Categories Evictions and Crazy Stories Real Estate
May 22, 2024 Mark Ferguson
Post-occupancy agreements can be risky. In this article, I'll go into more detail about post-occupancy agreements and pre-occupancy agreements. I'll also detail a particularly challenging real estate transaction I personally had. The ordeal brought a lot of attention to my YouTube channel, but it also highlighted many of the pitfalls associated with these agreements.
We will also touch on pre-occupancy agreements and the evolving real estate and tenancy laws that are making these situations increasingly complicated.
Video: Post-occupancy risks – Horror stories
My personal post-move-in contract nightmare
A year ago, I bought a property with a move-in contract, which allowed the seller to continue living in the home for 15 days after signing. If I stayed beyond that period, I was liable to pay $250 per day minus a $5,000 overstay penalty. Despite these precautions, the experience was a nightmare.
The sellers further complicated the situation by repeatedly promising to move out “tomorrow” and extending their stay. I eventually obtained possession, but spent nearly the entire $5,000 contingency fee to extend the number of days they stayed. The title company held the disputed amount for a year before finally releasing it to me, bringing an end to a stressful and drawn-out process.
Why are post-occupancy contracts risky?
For the typical home buyer and seller, post-occupancy contracts can have disastrous consequences. If the seller refuses to evict, the buyer must follow state eviction guidelines, which can take months or even years depending on the state. This delay can cause a huge financial burden, especially if the buyer needs to move in immediately or housing costs double.

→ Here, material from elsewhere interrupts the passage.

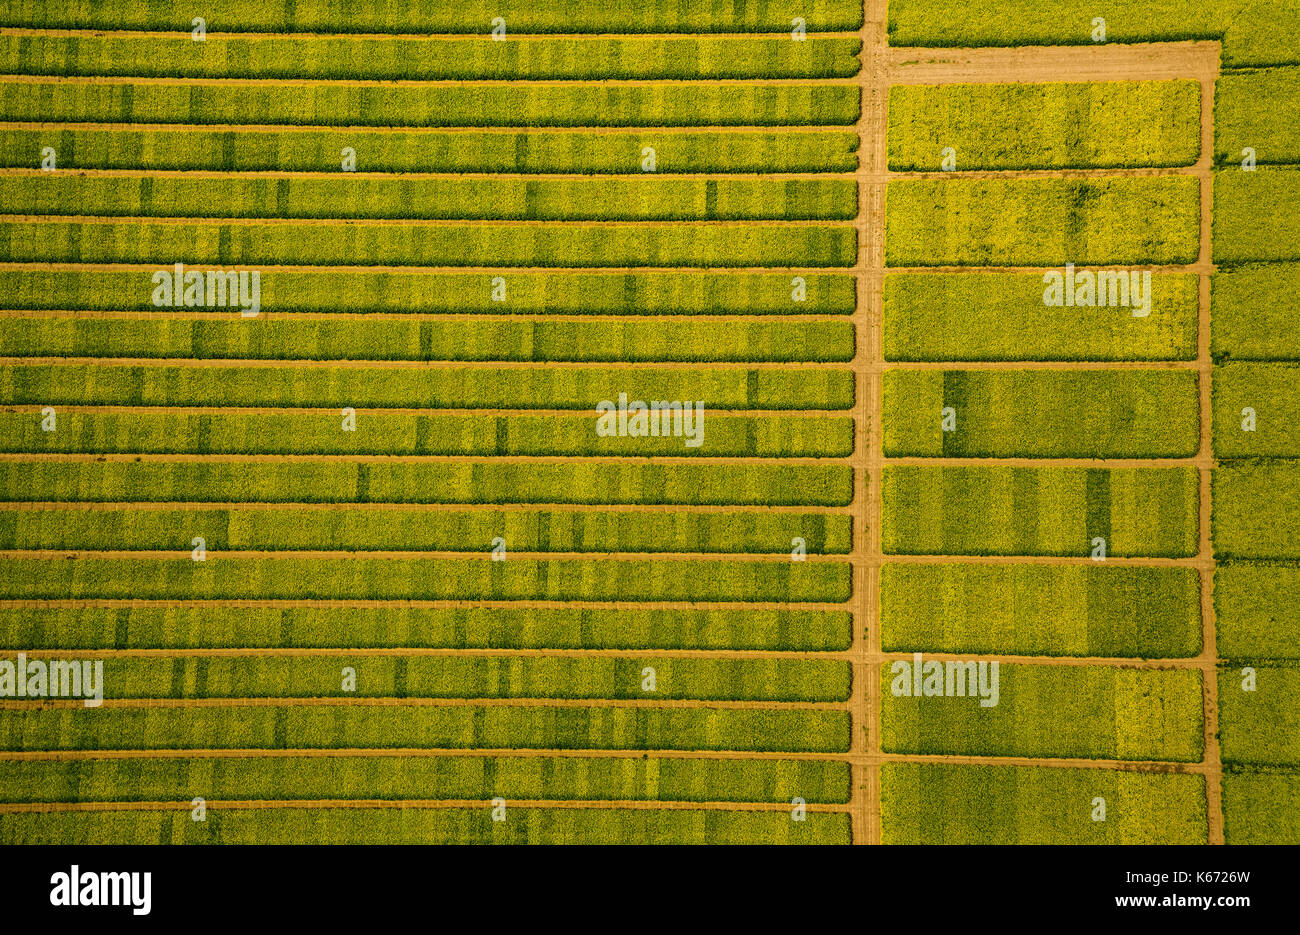 Canola field with divisions for Testsaat, Landwirtschft, agricultural cropland, agricultural test site, Saatoptimierung, yellow rapeseed field in gree Stock Photo

It is important to understand that no matter how friendly and trustworthy the seller may seem, risks remain. Some sellers are adept at taking advantage of these situations and know how to manipulate the system to their advantage. Always negotiate to deduct a significant amount, at least $10,000 or more depending on the value of the property, to encourage the seller to move out quickly.
How evictions work and how you can avoid them as a landlord
Pre-Occupancy Agreements: An Equally Thorny Issue
Pre-occupancy agreements, where a buyer moves in before the sale is finalized, can be problematic as well. If the sale does not close, a buyer who is already in the property may refuse to move out, creating similar eviction issues. Even simply allowing a buyer to store items in the garage gives the buyer ownership rights, complicating the eviction process.
As a real estate agent and broker with over 20 years of experience, I always advise my clients to avoid both pre-occupancy and post-occupancy agreements whenever possible. The convenience these agreements provide is not worth the potential legal and financial issues.
Real World Results
In my case, a post-occupancy agreement allowed me to use the situation to my advantage on social media, but the average home buyer or seller doesn't have that luxury. Evictions are time-consuming and expensive, with legal fees, potential property damage, and lost rental income. The emotional and financial toll can be immense.
Practical advice for home buyers and sellers
If you have to enter into a post-occupancy agreement, make sure the contract is written in your favor.
Withhold a substantial amount of money to encourage the seller to move out. If the seller overstays their welcome period, impose stiff penalties on a daily basis, and make sure the penalties are substantial. Consult with an attorney to fully understand your rights and obligations.
Avoid pre-occupancy agreements if possible, and if they are necessary, make sure they have clear terms in place, such as a sufficient deposit and a written contract outlining the consequences if the deal doesn't go through.
In my “Master the Deal” course, I also cover a variety of other ways to find great deals.
Conclusion
As an experienced investor, I continue to approach post-occupancy agreements, but I do so carefully and with a clear strategy to mitigate risk. For most home buyers and sellers, the best advice is to avoid these agreements to prevent a potential nightmare.
Looking for the best ways to invest in real estate? Check out my complete real estate investing guide.